Analysis
A parallel grid-based mail archive in the cloud
posted on 24 July 2008 13:48
You don't need to have Google's billions to take a Google-like approach to building an extreme scaleout storage infrastructure. E-mail archiver Mimecast has done and is doing it, so well that it is adding 50TB - 70TB of customer data to its storage grid, its cloud-based Unified Email Management archive service, every month.
It stores customers' e-mails in-the-cloud on a processing and storage grid. There are exactly 9 data centres: three in the UK; two in North America; two in South Africa; and two in Jersey, a small island and offshore financial centre midway between France and the UK. This geographical spread allows data to be domiciled in the territories Mimecast operates in.
Each data centre has about 600 servers. As an example, the UK data center has sets of nine storage elements across which data - customers' e-mails - are striped. Each storage element is basically a vanilla server with a multi-core CPU, 64GB of RAM, yes, 64GB, and around 9TB of disk storage. It should increase as 750GB SATA drives transition to 1TB ones.
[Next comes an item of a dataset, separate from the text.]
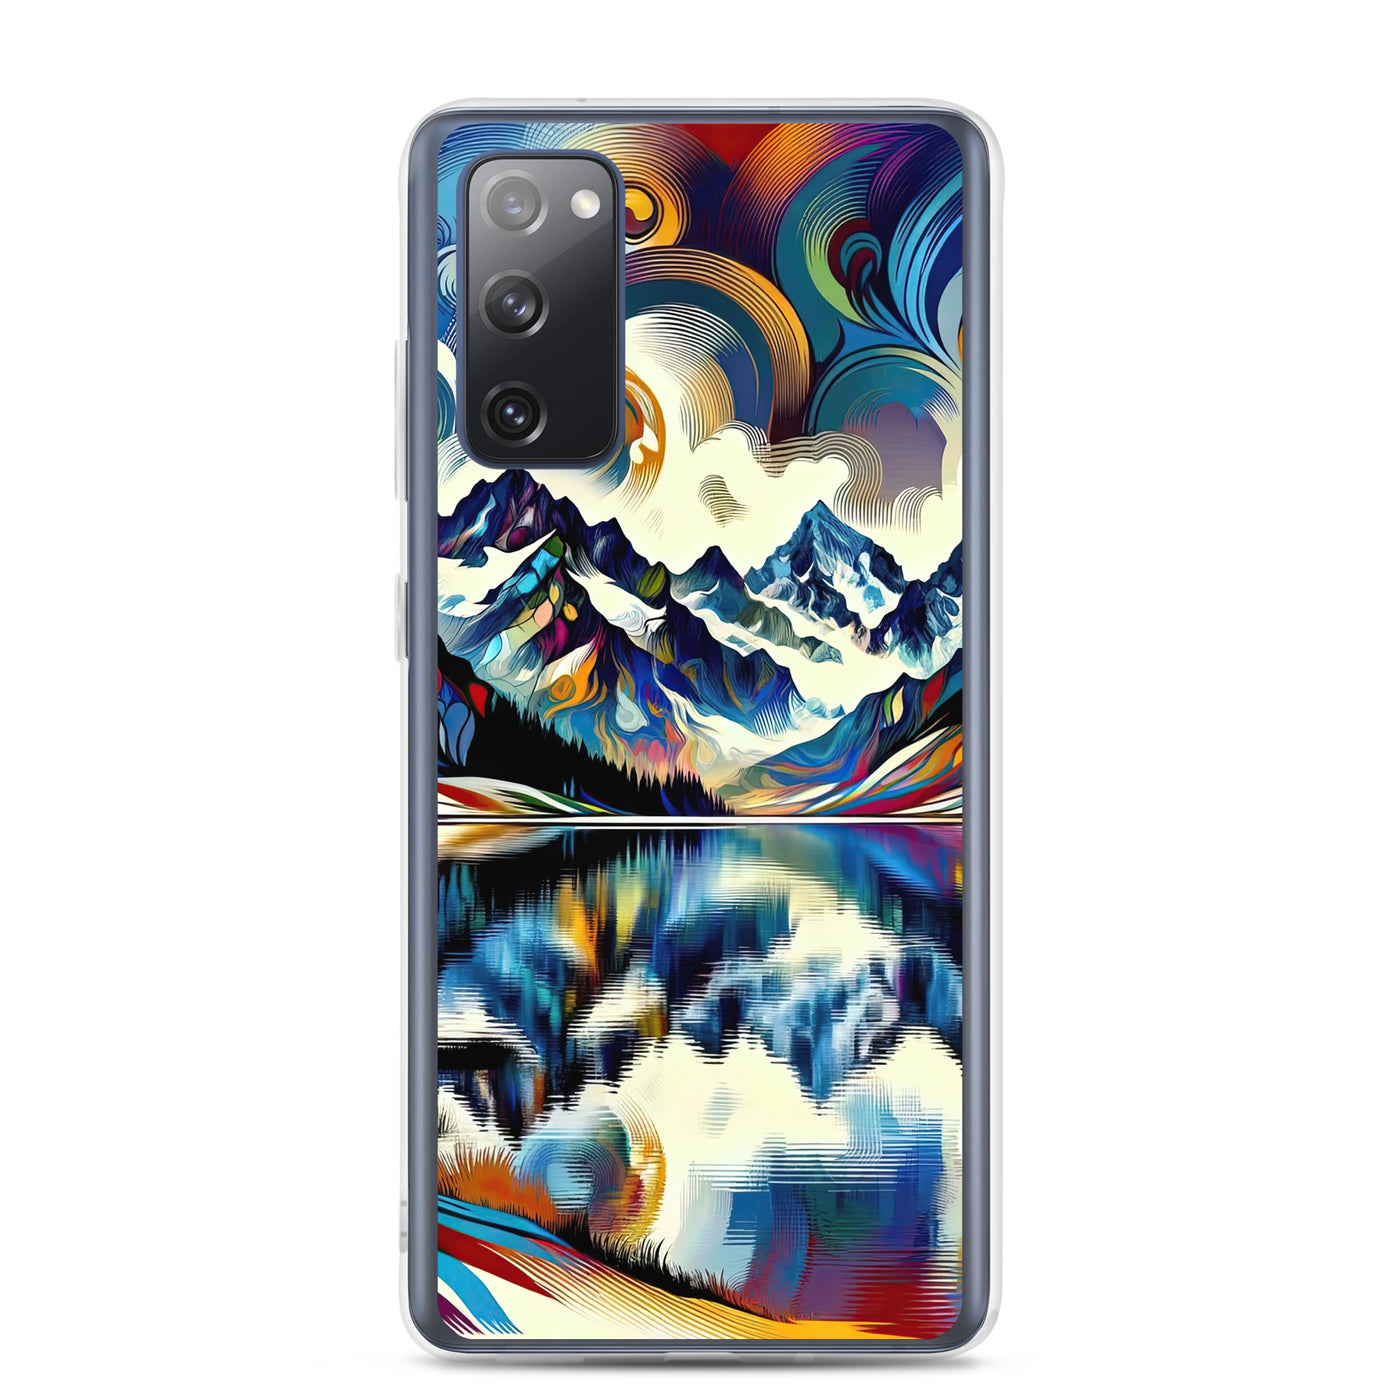 Alpensee im Zentrum eines abstrakt-expressionistischen Alpen-Kunstwerks - Samsung Schutzhülle (durchsichtig) berge xxx yyy zzz Samsung Galaxy S20 FE

So the nine elements have more than 100 drives and form a stripe unit with the boxes connected together by an interconnect and Mimecast protocol. There are 63 stripe units in the centre, that's almost 7,000 drives. Scaling is simple; add another storage element with its processing, memory, I/O bandwidth and capacity. Or scale up instead if Mimecast wishes.
The storage grid, front-ended by an active:active clustered controller set up, is seen as a logical storage black box by the processing grid. The processing grid is a set of processing elements, also vanilla HP servers, clustered together using dual 1GbE links running a proprietary Mimecast protocol again. Processor grid talks to storage grid via something akin to SOAP-like, HTTP-ish message protocol, the storage grid not being seen as either a block-structured SAN or a file-structured NAS. However the whole thing has a distributed file system operating across it.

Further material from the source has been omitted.